Beatrice prese la tazza con entrambe le mani e bevve con avidità. Avere una nipote come lei era una fortuna. Non c’era mai un momento libero: voleva camminare per i sentieri che si perdevano nel bosco, raccogliere funghi e foglie secche, andare a caccia di farfalle, apparecchiare la tavola e imparare a tessere a maglia. Niente televisione o telefono cellulare, solo la magia che si creava tra nonna e nipote negli spensierati momenti di gioco.
«Finito!» urlò Beatrice rivelando la presenza di un paio di baffi da latte.
Norma poggiò la tazza della nipote sul vassoio, e solo dopo averle pulito la bocca si dedicò alla propria porzione di latte. Buono, caldo, pastoso. L’essenza della vita di montagna.
«Allora, che storia vuoi che ti racconti oggi?» chiese Norma sistemandosi gli occhiali.
«Non lo so, nonna.»
«Come non lo sai… Vuoi che ti racconti di Cappuccetto Rosso?»
«No.»
«La leggenda del tesoro dell’Orcul?»
«No.»
«Quella del drago di Udine?»
«Questa la so a memoria, nonna.»
«E allora, cosa vuoi che ti racconti?»
Urgeva trovare una soluzione, e anche alla svelta. Norma cominciò a fare una lista mentale di tutte le storie che conosceva, anche quelle nascoste nei più remoti anfratti della memoria. Dal nulla, ecco l’illuminazione.
«Vuoi che scelga io la storia?»
«Sì, nonna, però una nuova.»
Gli occhi della piccola si fecero supplicanti, impossibile resisterle.
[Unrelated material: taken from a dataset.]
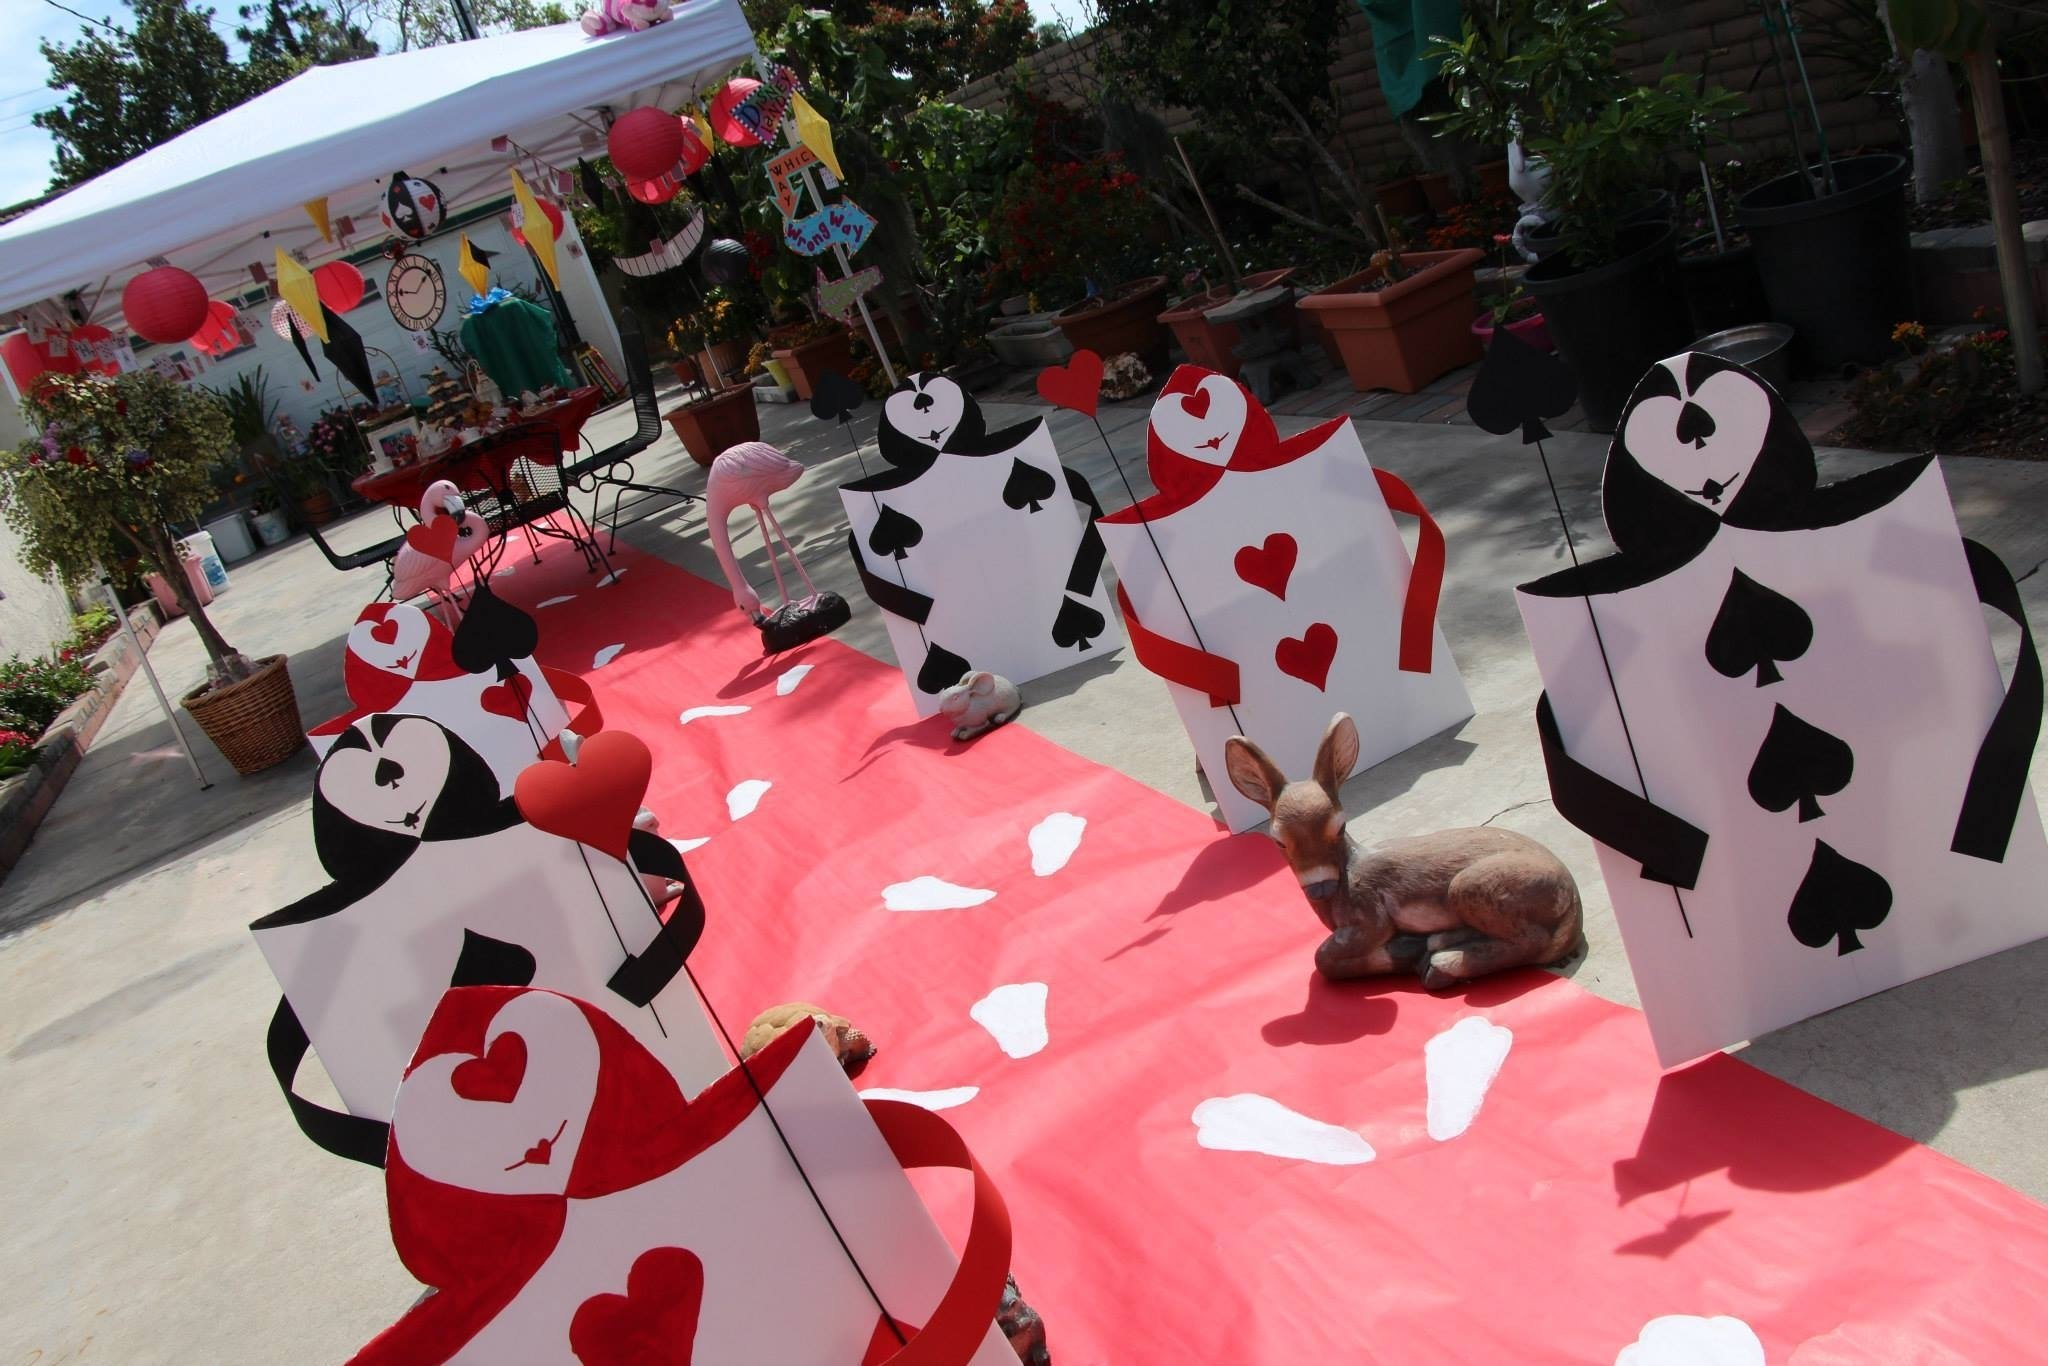 10 Famous Alice And Wonderland Party Ideas disney alice in wonderland diy tea party card soliders disneyexaminer 2020
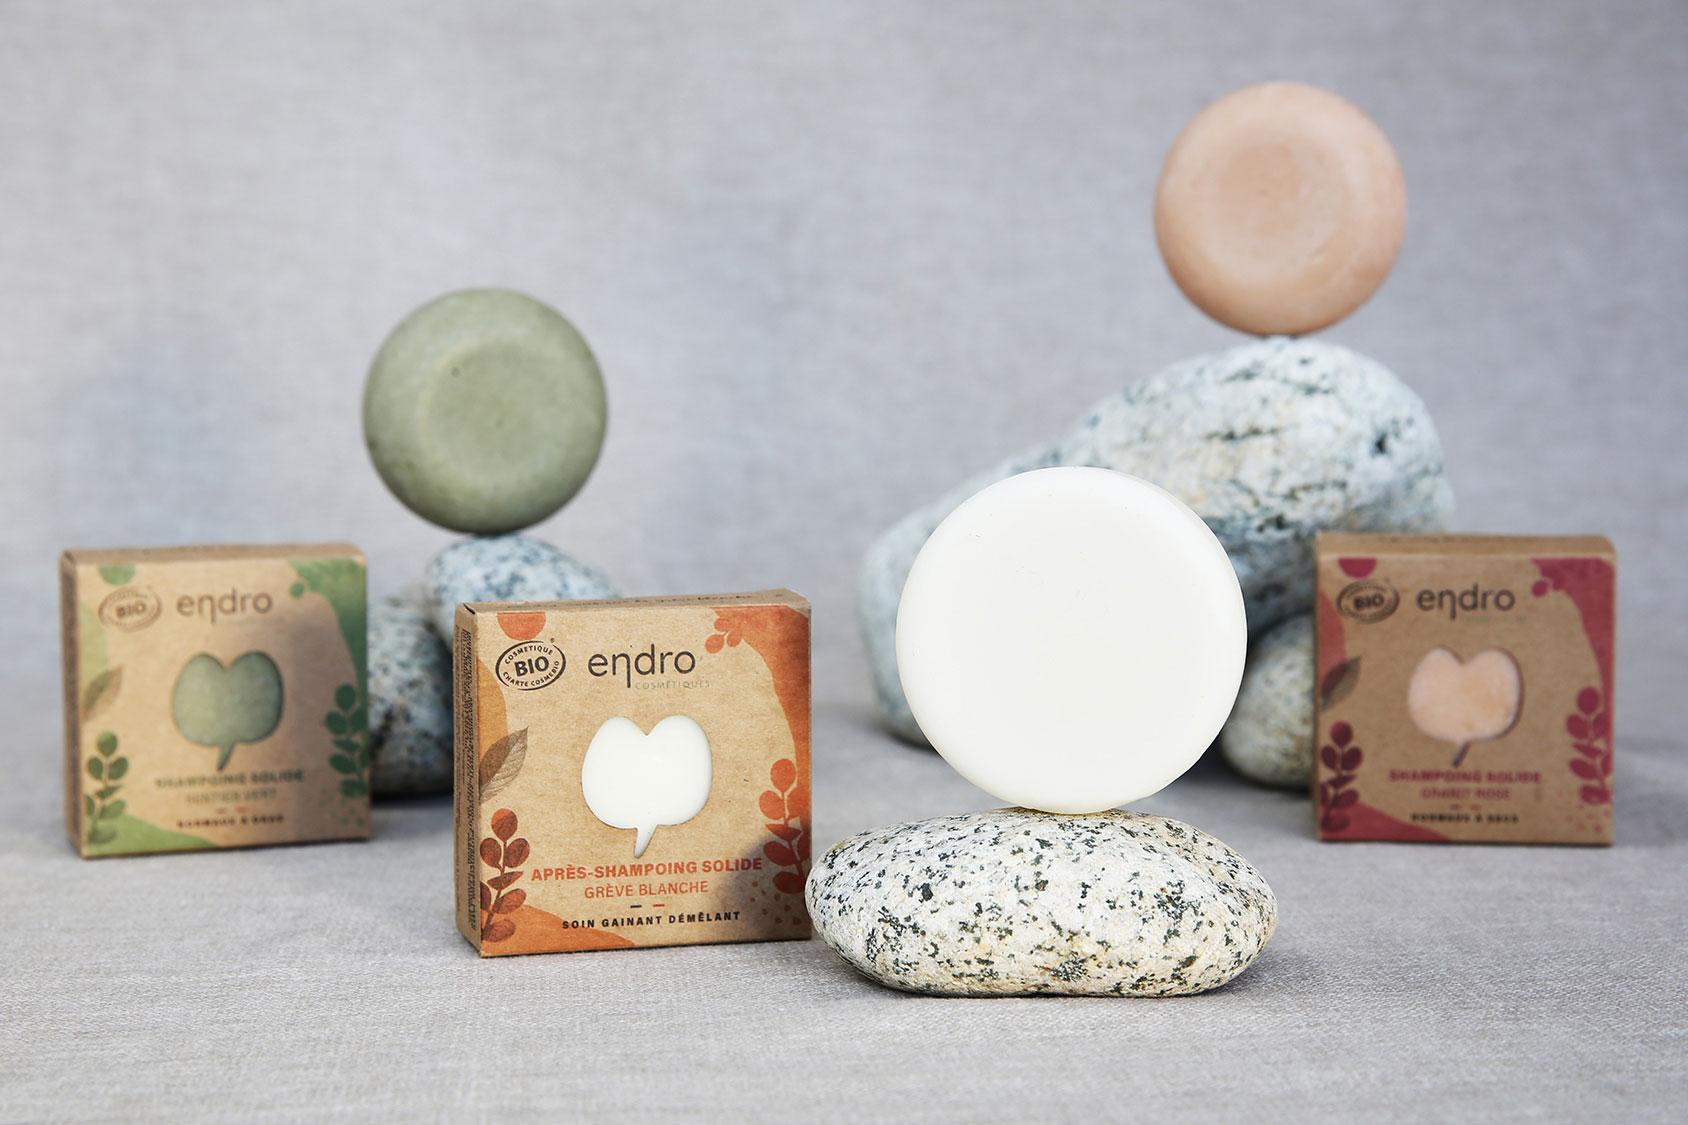 Creer et imprimer un packaging cosmetique-Coqueliko-Lannion

«Che ne dici se ti racconto qualcosa su Halloween?»
«No, nonna, ho paura dei fantasmi.»
L’esile figura si rattrappì, i piedi nudi si proteggevano l’un l’altro.
«Tranquilla, cara, non voglio parlarti di fantasmi e mostri che fanno paura, ma di come un bambino della tua età scoprì l’essenza di questa notte.»
Il volto della bambina si illuminò. «Sì, sì, sì, mi piace! Dai, racconta.»
«Va bene, cara, ma prima devi infilarti sotto la coperta.»
La bambina si stese sul letto e si coprì in un baleno, ansiosa di ascoltare la storia di quella festa che tanto l’aveva turbata quando l’aveva sentita nominare in televisione. Aveva anche provato a chiedere spiegazione ai genitori, ma avevano tagliato corto dicendole che era una festa straniera e che non aveva senso festeggiarla.
Nel mentre, Norma rimboccò le coperte a dovere. Possibile che mio figlio non ti abbia spiegato le vere origini di Halloween?, pensò con una punta di delusione. Eppure, è un’usanza assodata da migliaia di anni nel nostro sangue.
Appurato che la nipote stesse comoda e al caldo, Norma si sedette sulla sedia a dondolo che aveva disposto accanto al letto. La sedia ne aveva ascoltate, di storie, e quella notte non sarebbe stata l’ultima.
«Nonna?»
«Sì?»
«Mi spieghi cosa vuol dire essenza?»
Norma sorrise.
«Tesoro, potevi chiedermelo subito. Allora, l’essenza è il vero valore di una cosa, ciò da cui si parte per poi costruire qualcosa di più grande.»
La bambina sgranò gli occhi.
«Come farina e uova per fare una torta?»
Norma scoppiò in una fragorosa risata, tanto che dovette tenersi gli occhiali per evitare che cadessero. Meccanismo affascinante la mente di una bambina di sette anni: riesce a capire le cose a lei sconosciute pescando nella semplicità della quotidianità.
«Sì, tesoro, un po’ come gli ingredienti per preparare una torta.»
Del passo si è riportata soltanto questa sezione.